Only the tail of the listing is wanted: the line containing "Edmund Scientifics Solar" and all after it, repeated exactly, pictures omitted.

(PROVIDED MATERIAL)
-=-=-=-=-
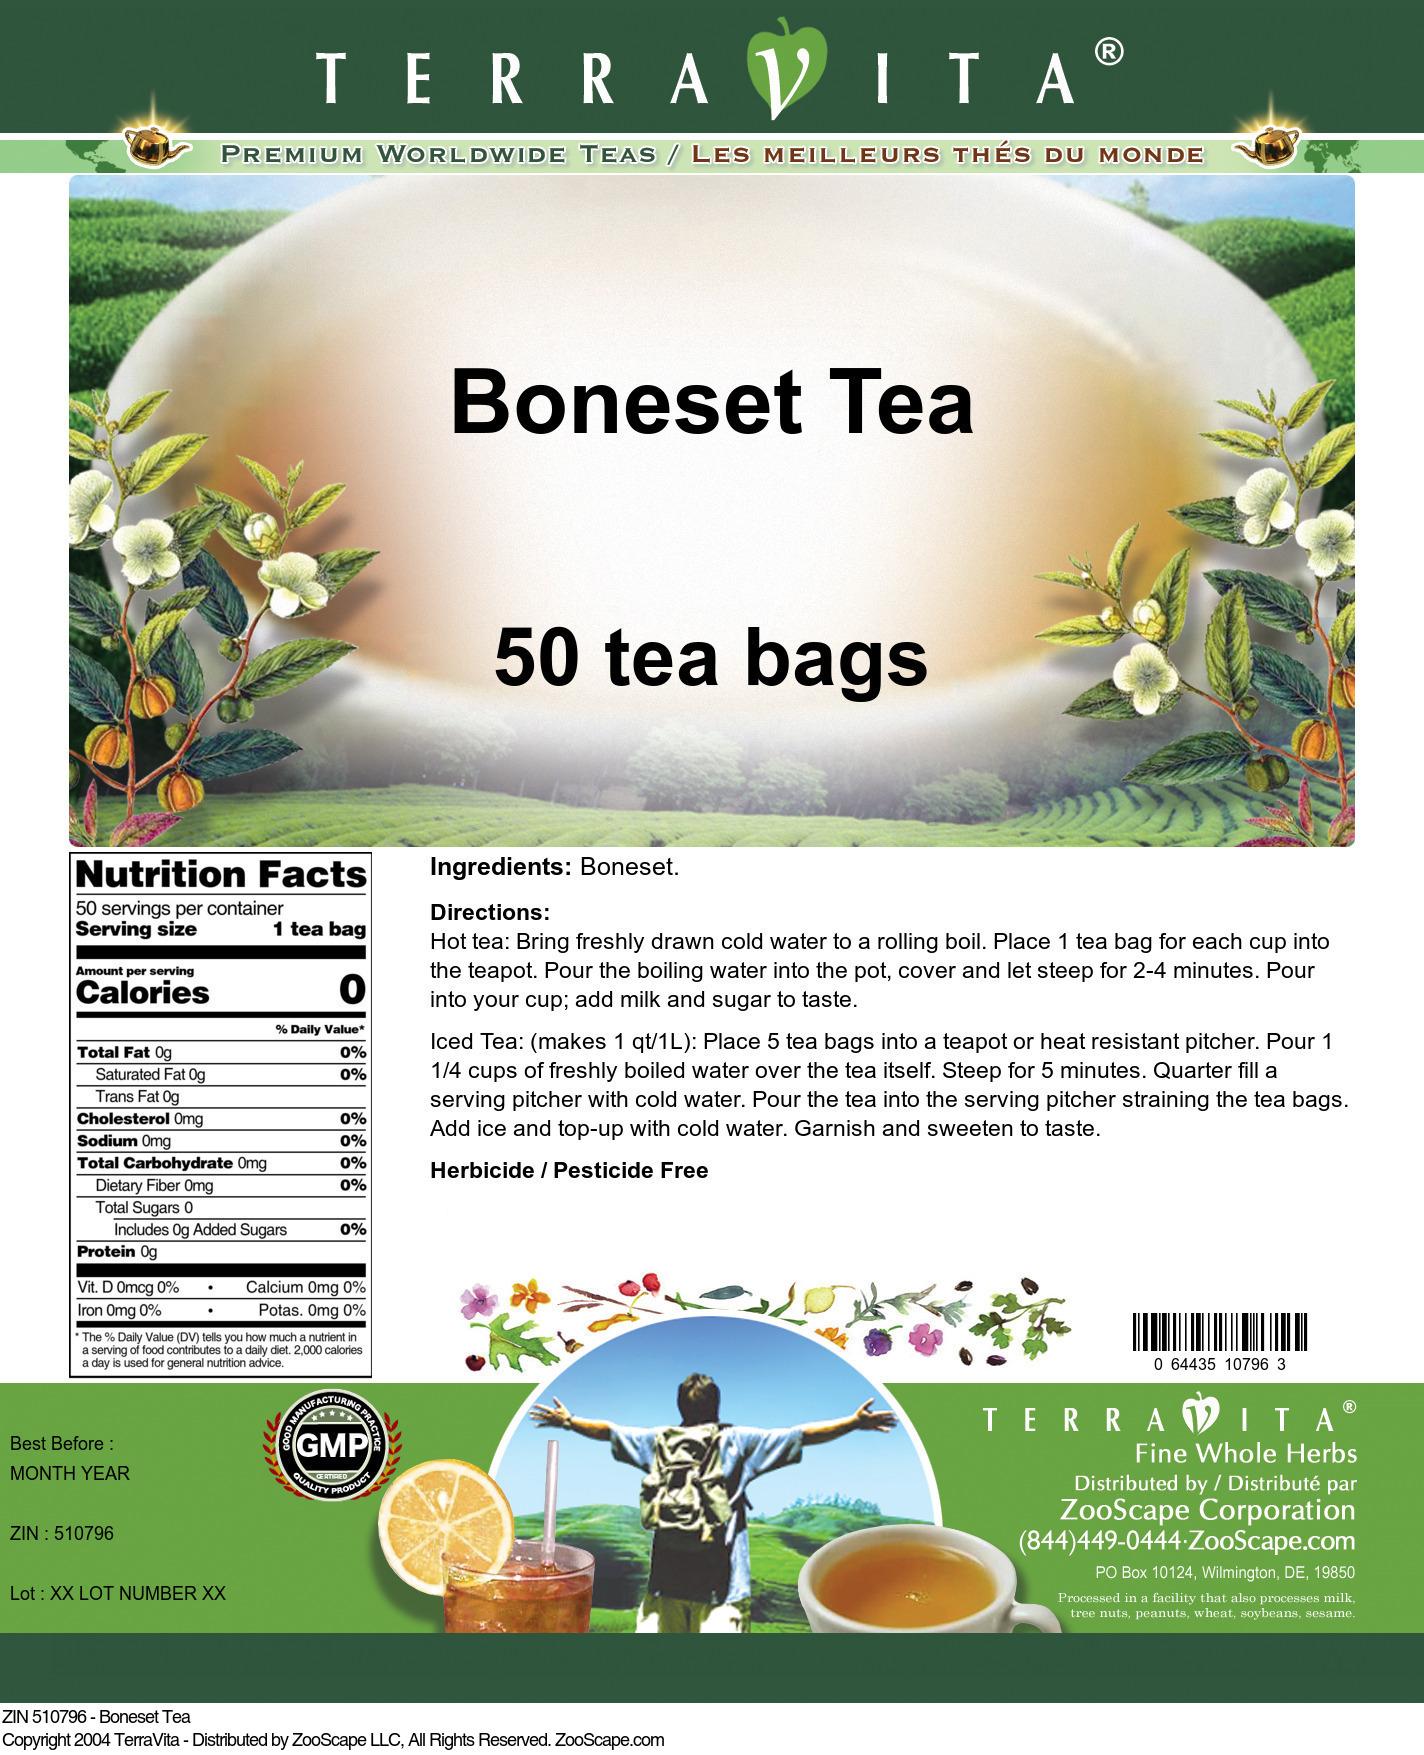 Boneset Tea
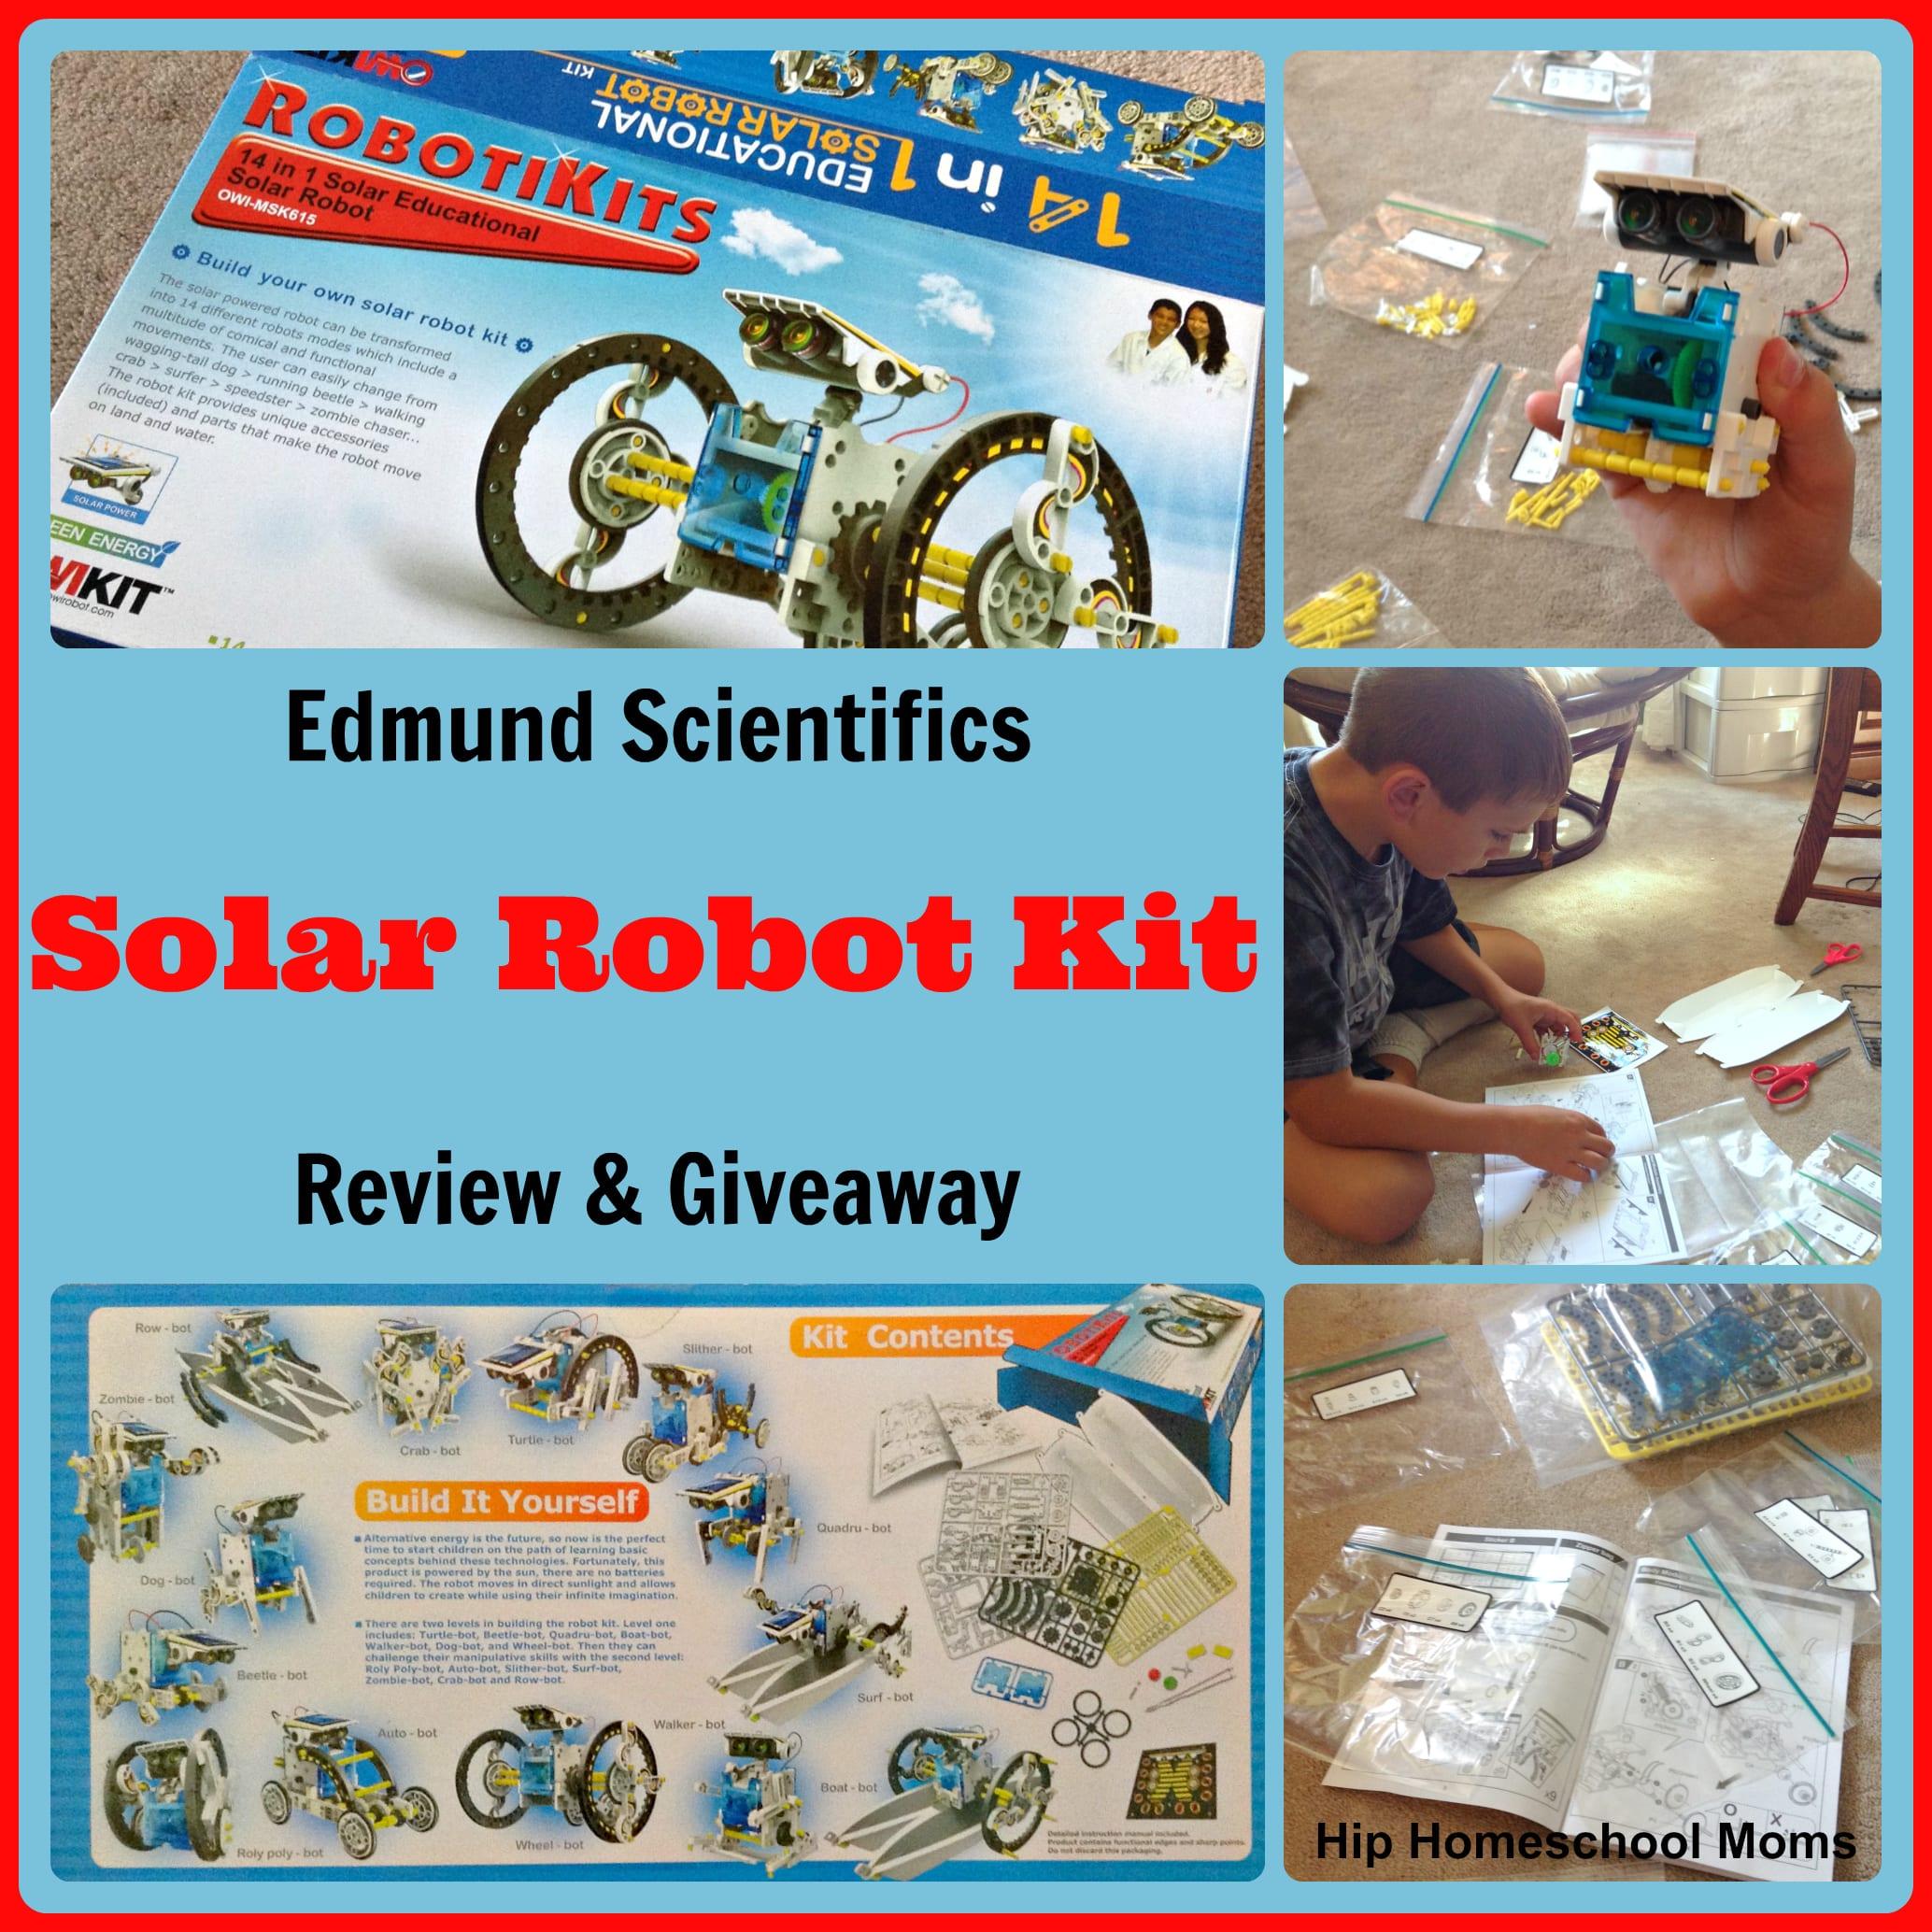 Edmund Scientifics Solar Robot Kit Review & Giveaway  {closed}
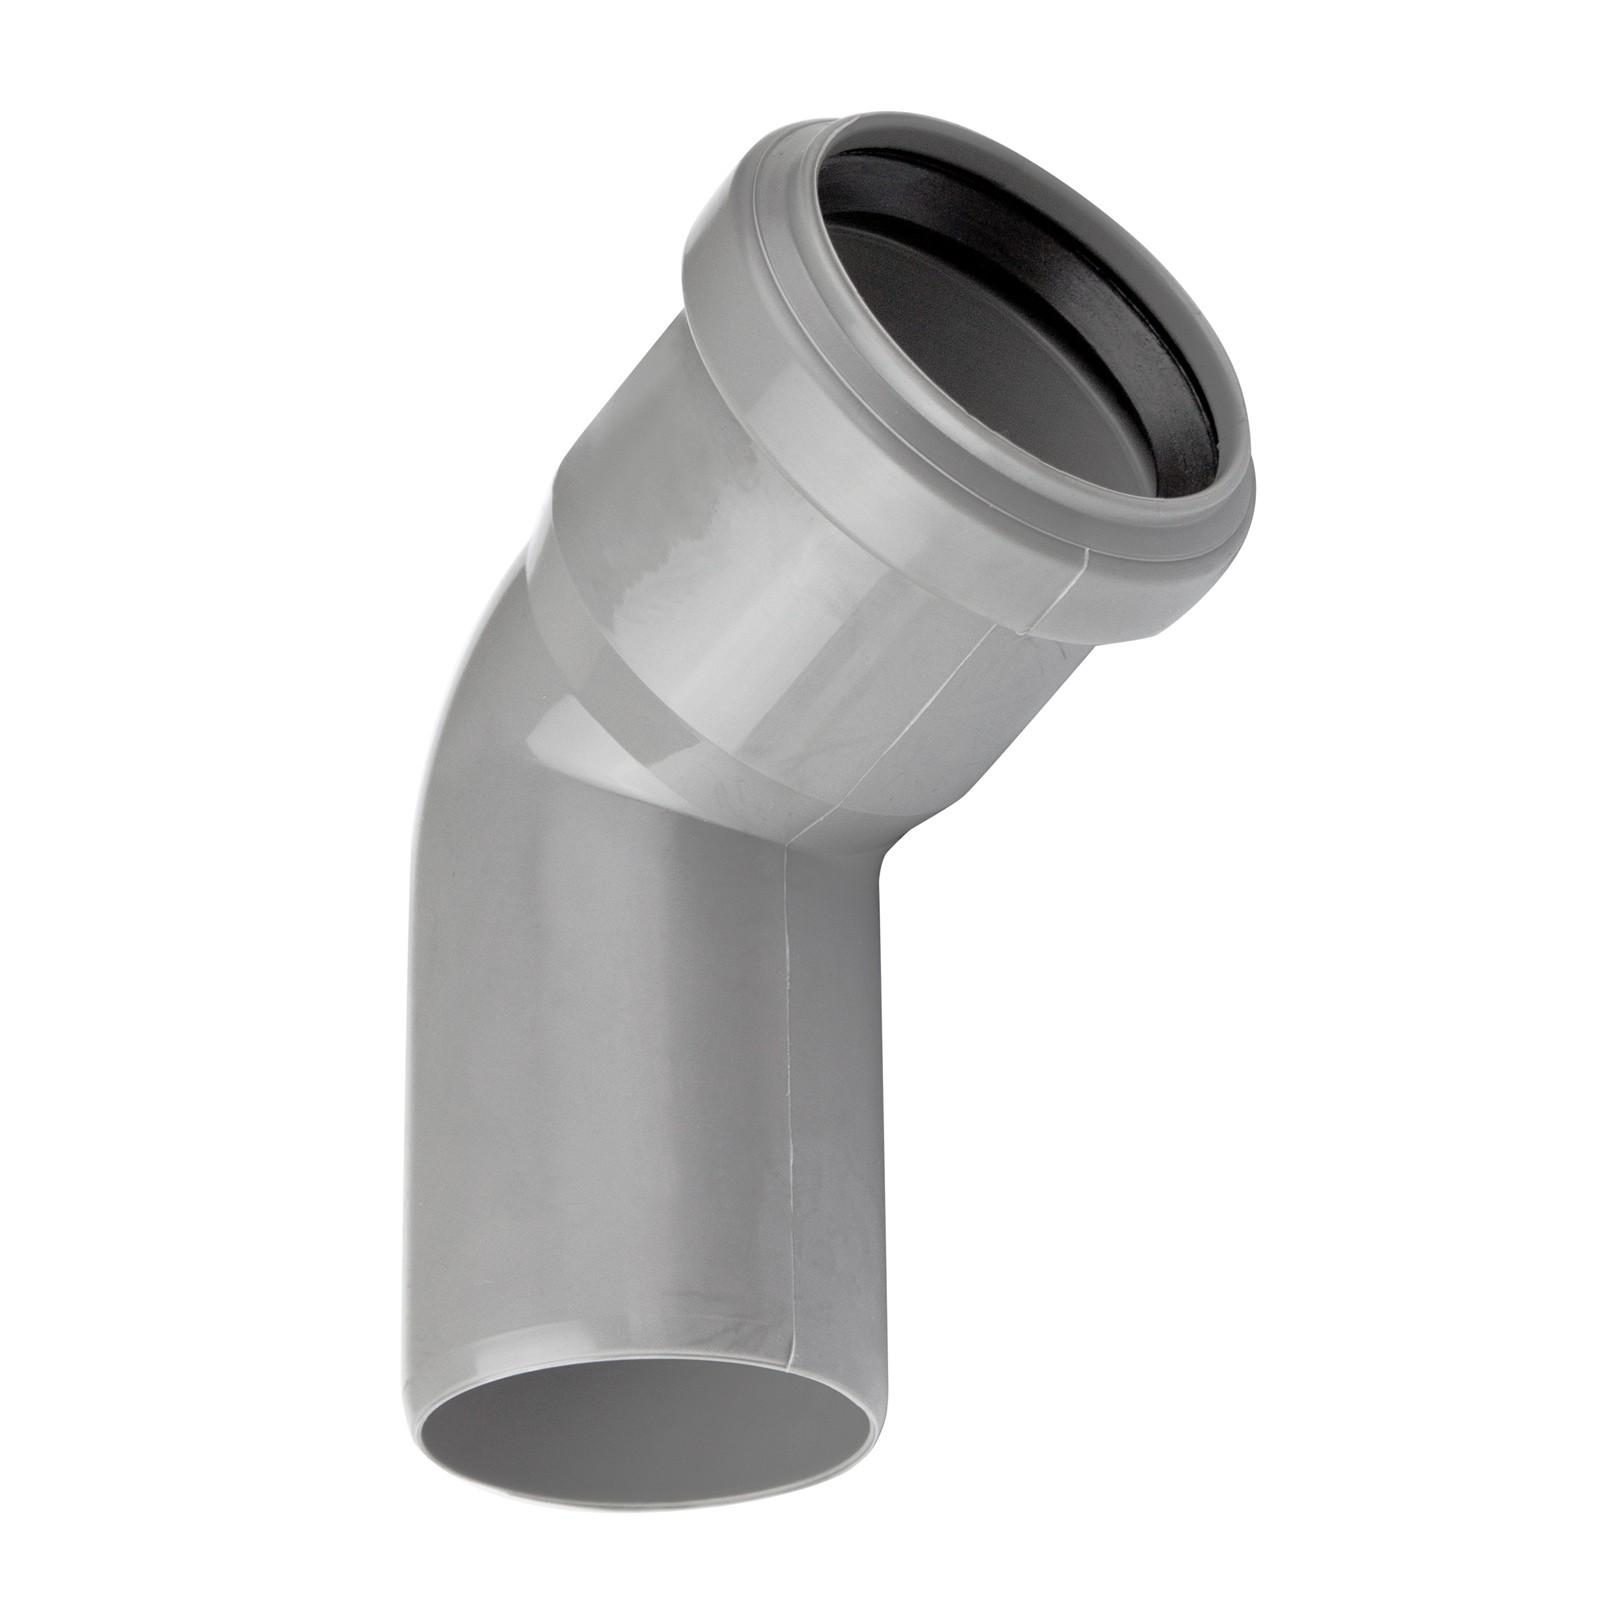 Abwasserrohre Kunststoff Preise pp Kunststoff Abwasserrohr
-=-=-=-=-
(REPLY TO THE TASK)
 Edmund Scientifics Solar Robot Kit Review & Giveaway  {closed}
 Abwasserrohre Kunststoff Preise pp Kunststoff Abwasserrohr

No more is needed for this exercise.